Despite not getting all shareholders to sign the consent, the deal moved forward due in no small part to some of FTP’s employees, one in particular Lederer spoke about:

“There were a couple of employees that I talked to that really helped. One employee that I would actually point out in particular, a guy name Ifram Linquist. If you look at the stipulation, his name’s in there. He was the other director besides Ray Bitar of Pocket Kings. This is an example of the little things that were actually really big things. He’s been an employee of the company since the L.A. days, very good employee, a really good guy, and I knew him well, Ray knew him well. Slowly but surely over the course of the 15 months Pocket Kings lost its directors, and I believe it was in the February time frame Pocket Kings was down to one director — Ray. Irish law states that no company can be incorporated in Ireland unless there is an EU resident listed as one of the directors, and essentially if you don’t remedy the situation within a week or two weeks, the company is immediately forced into dissolution. So we needed to find a director who would step up, and it turned out Ifram had attained EU residency, and he really cared about the company and he really cared about our customers, and he stepped up.

"I know it sounds like a simple thing, he became the director of a company, he became a director of Pocket Kings when it owed 3 million people $350 million. He wasn’t responsible for it and could never be held legally responsible for it, he had nothing to do with any of the problems of the company, but he was going to be named on all those lawsuits [by stepping up]… He knew he was putting himself in harm’s way for the sake of our company and the sake of our customers.”

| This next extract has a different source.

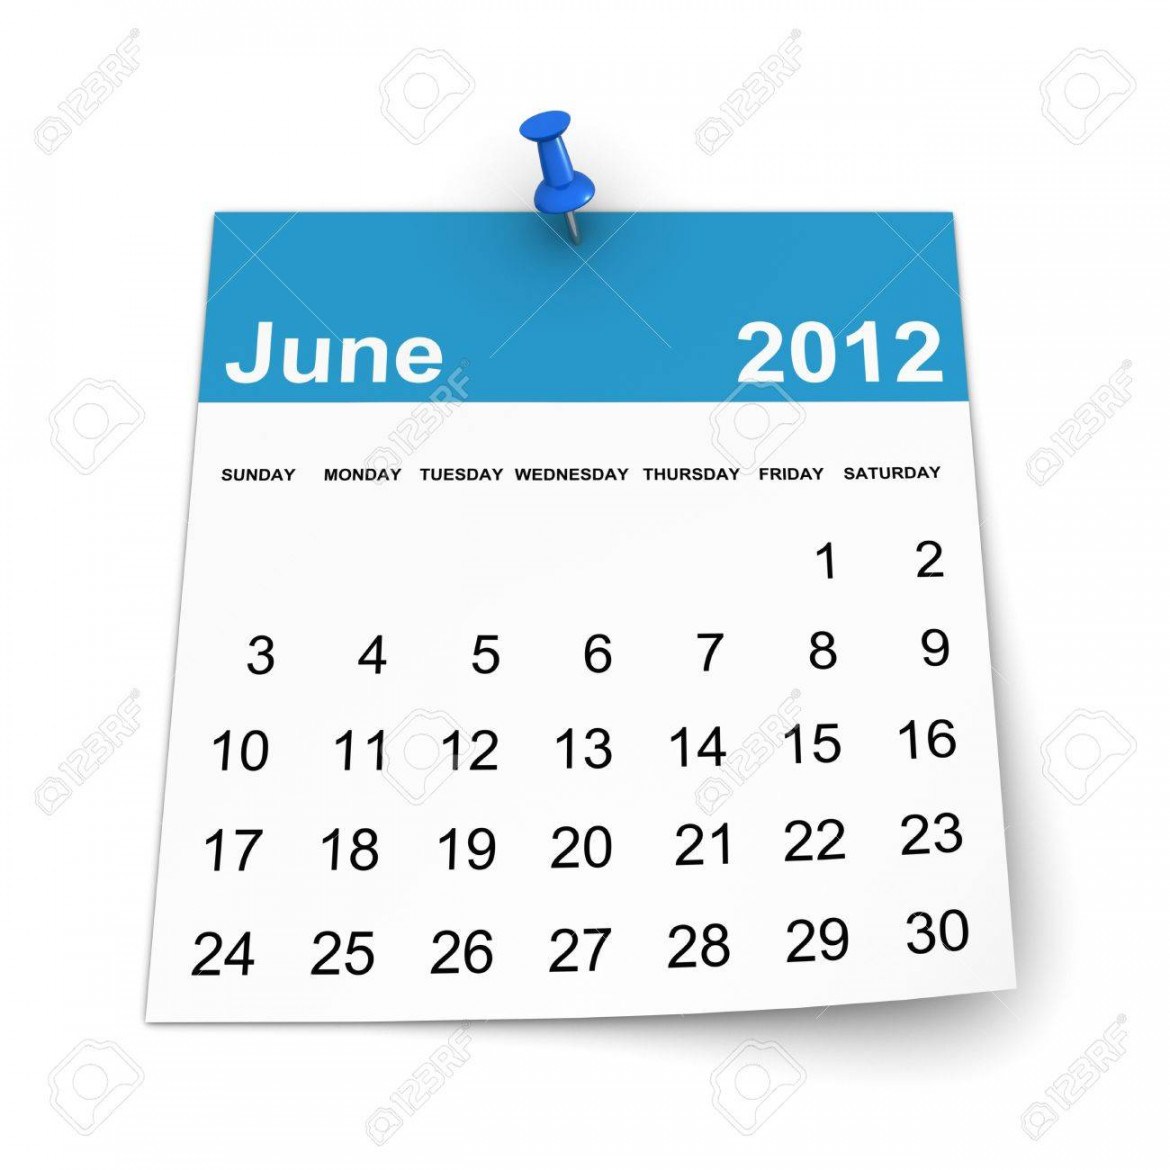 Calendar  - June Stock Photo, Picture and Royalty Free Image

It was a long and arduous affair, and despite some close calls, the deal with PokerStars ultimately closed. "As an owner of Full Tilt Poker, I take full responsible for what happened,” Lederer said. “What happened wasn't right and it caused a lot of pain, a lot of suffering, and in some cases just inconvenience for 3 million customers. For that I am truly sorry.”

He went on to conclude: "I look very much forward to the reopening of the site under PokerStars' leadership. I am incredibly thankful for their incredible professionalism in the way they handled the situation. I'm going to be rooting for the company every day. I can't tell you how happy I am that the deal happened, and that, hopefully, our customers are all going to be made whole."